+++ THE DATA
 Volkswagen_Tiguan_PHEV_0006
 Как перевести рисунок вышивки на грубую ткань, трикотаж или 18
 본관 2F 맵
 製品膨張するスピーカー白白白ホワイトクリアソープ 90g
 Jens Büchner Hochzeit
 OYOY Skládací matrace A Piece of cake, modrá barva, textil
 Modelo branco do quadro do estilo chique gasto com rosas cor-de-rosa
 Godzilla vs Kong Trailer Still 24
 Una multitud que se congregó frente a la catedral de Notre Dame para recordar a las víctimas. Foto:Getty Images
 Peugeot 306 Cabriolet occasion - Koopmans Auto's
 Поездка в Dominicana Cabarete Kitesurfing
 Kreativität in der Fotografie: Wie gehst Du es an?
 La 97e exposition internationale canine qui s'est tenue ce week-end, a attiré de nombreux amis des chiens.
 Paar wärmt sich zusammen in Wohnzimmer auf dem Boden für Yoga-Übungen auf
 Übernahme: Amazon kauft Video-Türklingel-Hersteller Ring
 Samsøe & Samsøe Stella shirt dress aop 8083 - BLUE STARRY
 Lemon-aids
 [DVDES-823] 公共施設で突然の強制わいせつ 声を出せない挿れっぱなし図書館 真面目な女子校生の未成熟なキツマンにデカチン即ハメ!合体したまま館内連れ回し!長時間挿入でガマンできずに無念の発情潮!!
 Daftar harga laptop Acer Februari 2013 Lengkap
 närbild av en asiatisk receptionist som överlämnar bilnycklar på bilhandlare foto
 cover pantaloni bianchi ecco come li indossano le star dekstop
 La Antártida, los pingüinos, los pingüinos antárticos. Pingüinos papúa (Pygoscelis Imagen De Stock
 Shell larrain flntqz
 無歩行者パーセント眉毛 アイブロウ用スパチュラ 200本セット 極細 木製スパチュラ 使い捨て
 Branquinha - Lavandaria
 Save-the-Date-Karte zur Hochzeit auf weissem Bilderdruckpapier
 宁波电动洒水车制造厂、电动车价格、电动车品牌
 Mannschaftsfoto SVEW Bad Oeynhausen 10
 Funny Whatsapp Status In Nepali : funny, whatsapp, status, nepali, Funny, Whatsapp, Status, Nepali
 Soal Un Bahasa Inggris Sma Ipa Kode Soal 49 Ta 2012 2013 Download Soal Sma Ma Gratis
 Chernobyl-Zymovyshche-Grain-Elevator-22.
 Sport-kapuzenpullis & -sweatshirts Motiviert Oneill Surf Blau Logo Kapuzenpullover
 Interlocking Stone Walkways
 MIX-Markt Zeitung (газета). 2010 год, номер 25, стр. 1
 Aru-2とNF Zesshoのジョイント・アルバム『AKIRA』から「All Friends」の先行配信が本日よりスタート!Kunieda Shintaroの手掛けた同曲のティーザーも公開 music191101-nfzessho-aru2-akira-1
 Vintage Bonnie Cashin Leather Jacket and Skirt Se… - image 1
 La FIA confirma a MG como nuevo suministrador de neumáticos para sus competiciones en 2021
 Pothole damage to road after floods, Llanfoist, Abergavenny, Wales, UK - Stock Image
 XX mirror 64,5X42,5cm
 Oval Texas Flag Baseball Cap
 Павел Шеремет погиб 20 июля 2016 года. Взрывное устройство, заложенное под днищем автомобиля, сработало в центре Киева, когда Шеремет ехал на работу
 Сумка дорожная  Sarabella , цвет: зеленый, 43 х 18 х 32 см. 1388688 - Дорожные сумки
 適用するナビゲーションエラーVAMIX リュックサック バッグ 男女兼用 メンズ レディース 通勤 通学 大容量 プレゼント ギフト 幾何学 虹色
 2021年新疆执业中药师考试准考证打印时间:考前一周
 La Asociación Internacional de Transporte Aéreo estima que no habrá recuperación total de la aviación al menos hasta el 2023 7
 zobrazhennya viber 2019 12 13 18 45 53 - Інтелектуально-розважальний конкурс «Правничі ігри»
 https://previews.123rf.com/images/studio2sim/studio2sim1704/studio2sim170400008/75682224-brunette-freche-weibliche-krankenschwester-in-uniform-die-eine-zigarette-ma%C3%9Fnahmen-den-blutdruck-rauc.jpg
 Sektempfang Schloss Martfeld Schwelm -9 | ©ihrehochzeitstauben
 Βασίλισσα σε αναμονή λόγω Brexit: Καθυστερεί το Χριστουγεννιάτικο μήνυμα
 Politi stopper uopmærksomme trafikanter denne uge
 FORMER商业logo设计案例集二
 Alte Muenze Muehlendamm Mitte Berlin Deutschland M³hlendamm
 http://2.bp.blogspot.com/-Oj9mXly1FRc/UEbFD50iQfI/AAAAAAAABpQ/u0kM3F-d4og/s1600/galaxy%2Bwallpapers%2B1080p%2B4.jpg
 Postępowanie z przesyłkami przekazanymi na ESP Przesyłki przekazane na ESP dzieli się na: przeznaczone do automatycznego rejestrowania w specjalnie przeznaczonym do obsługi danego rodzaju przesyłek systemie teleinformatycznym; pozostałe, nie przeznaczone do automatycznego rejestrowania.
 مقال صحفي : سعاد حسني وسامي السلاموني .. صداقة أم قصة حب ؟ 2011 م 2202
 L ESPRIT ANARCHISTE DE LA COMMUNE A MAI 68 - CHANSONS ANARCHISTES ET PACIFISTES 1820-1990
++++++
EXERCISE BRIEF: Looking at the records above, how many lines have the word "para" in them? State the number only.

RESPONSE AREA: 2